The fried rice has more egg than we’ve ever seen in a fried rice! The rice itself is barely fried but is seasoned perfectly.
Small lamb with cumin seed £5.70
Lamb with cumin is apparently a popular barbecue dish in China. The lamb is soft and falling apart, subtle with cumin spice. A light touch is required in spicing this dish as cumin can so easily be overpowering. It is spiced to perfection and we both love this dish.
I have really enjoyed our meal so far – this is my kind of dining, being able to taste lots of different dishes and experience many different flavours and textures. I just wish they hadn’t brought absolutely everything out at once, as some dishes were cold before we even had a chance to taste them. This left the dumplings a little rubbery and the lamb a little dry. Perhaps this works better on a busy evening where a couple of dishes might be placed at each table at a time. A couple of dishes per person at a time with an interval of about five minutes before more are brought would probably be ideal.
We have eaten a banquet but there is still room for dessert!…
This is a lovely delicate green tea. I often find green tea becomes too strong once it has brewed for a while but I keep going back to the pot for more of this one, drinking most of the teapot myself!
The Fried Mongolia is like a Chinese version of a baked Alaska. The ice-cream is wrapped in dumpling dough, deep fried and dusted with icing sugar. Mr Vohn had this and said it was lovely. Yes, dear reader, he didn’t let me anywhere near it!
He chose to accompany it with lemon sorbet, which was amazingly tart and tangy and a perfect match for the sweet fried dessert. All the ice creams and sorbets are imported from a fine ice-cream maker in the far east – otherwise known as Musselburgh – just along the coast to the East of Edinburgh!
Sugar string apple (serves two) £7.40
I chose the sugar string apple, which is a sharing dish for two. The caramel is literally sizzling hot – we can hear it as soon as it arrives! There is a bowl of iced water, in which to dip the pieces, which instantly cools and sets the caramel. The soft sour apple is a great contrast to the sweet crunchy caramel, although it is difficult to eat whilst the apple is still so hot! The pieces near the base, which are sitting on the cucumber have a light hint of cucumber flavour, which is a fantastic combination with the sweet caramel – who knew?
We thoroughly enjoyed our meal and overall, I’d highly recommend Chop Chop. The food is delicious and very reasonable in price. There are even options for unlimited banquets, where you can re-order any dish from the set menus free of charge. Service is polite and attentive but laid back and not overly intrusive.

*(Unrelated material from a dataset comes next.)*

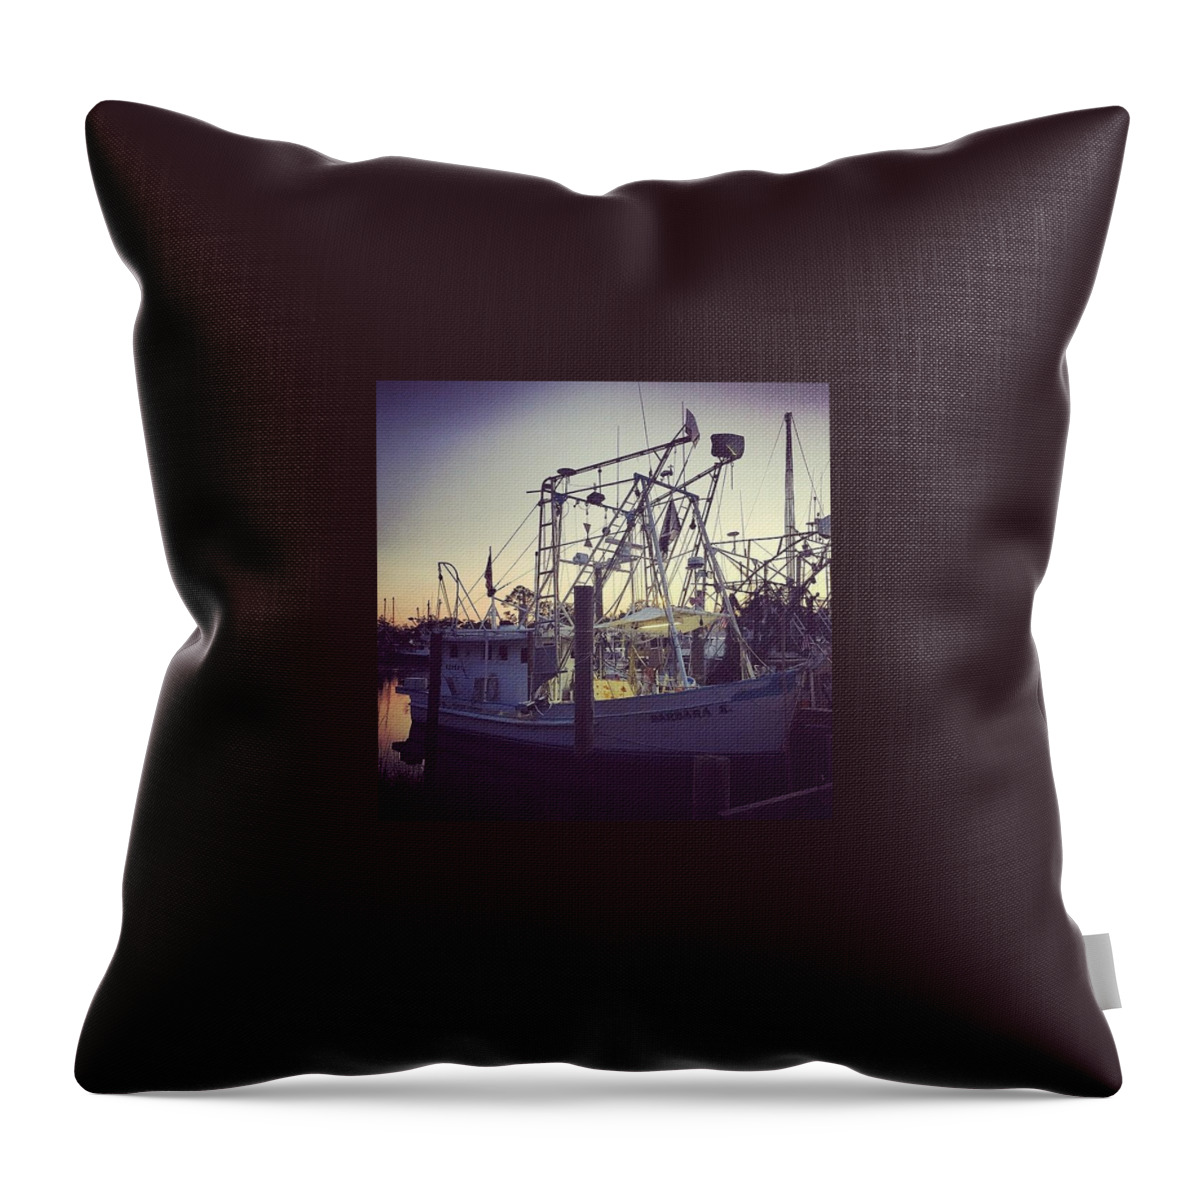 Harbor Throw Pillow featuring the photograph Harbor Shrimp Boat by Joan McCool

You can even order takeaway (or if you are lucky enough to live in Edinburgh, home delivery) and there are comfy red sofas provided for you to wait for your takeaway or for a table on busy nights. It seems that many others agree with my positive review because on the wall, behind those comfy red sofas, is a whole host of awards that they have received. These range from best Chinese restaurant in Scotland to most popular Chinese restaurant in Britain, to AA rosettes, to certificates of excellence from the World Association for Chinese Cuisine! If you do sit on those sofas, check out the folder on the table in front of you. It is full of the cutest kids drawings from a local primary school, sent as thanks to Chop Chop for providing them with a variety of items for their school project on Chinese New Year! I love businesses that help out the local community!
The food here is exactly what they promise – north Eastern Chinese home cooking done to a gourmet standard. It is nothing like the British-Chinese food we are used to. As they stay themselves “Get down to their restaurant chop chop”!
Vohn & Mr Vohn dined as guests of Chop Chop, whilst drinks were paid for independently.
248 Morrison Street, Edinburgh, EH3 8DT/ tel: 0131 221 1155
76 Commercial Street, Edinburgh, EH6 6LX/ tel: 0131 553 1818
P.S. Mr Vohn is still talking excitedly about getting to mix his own dipping sauce to his super-chilli-heat preference!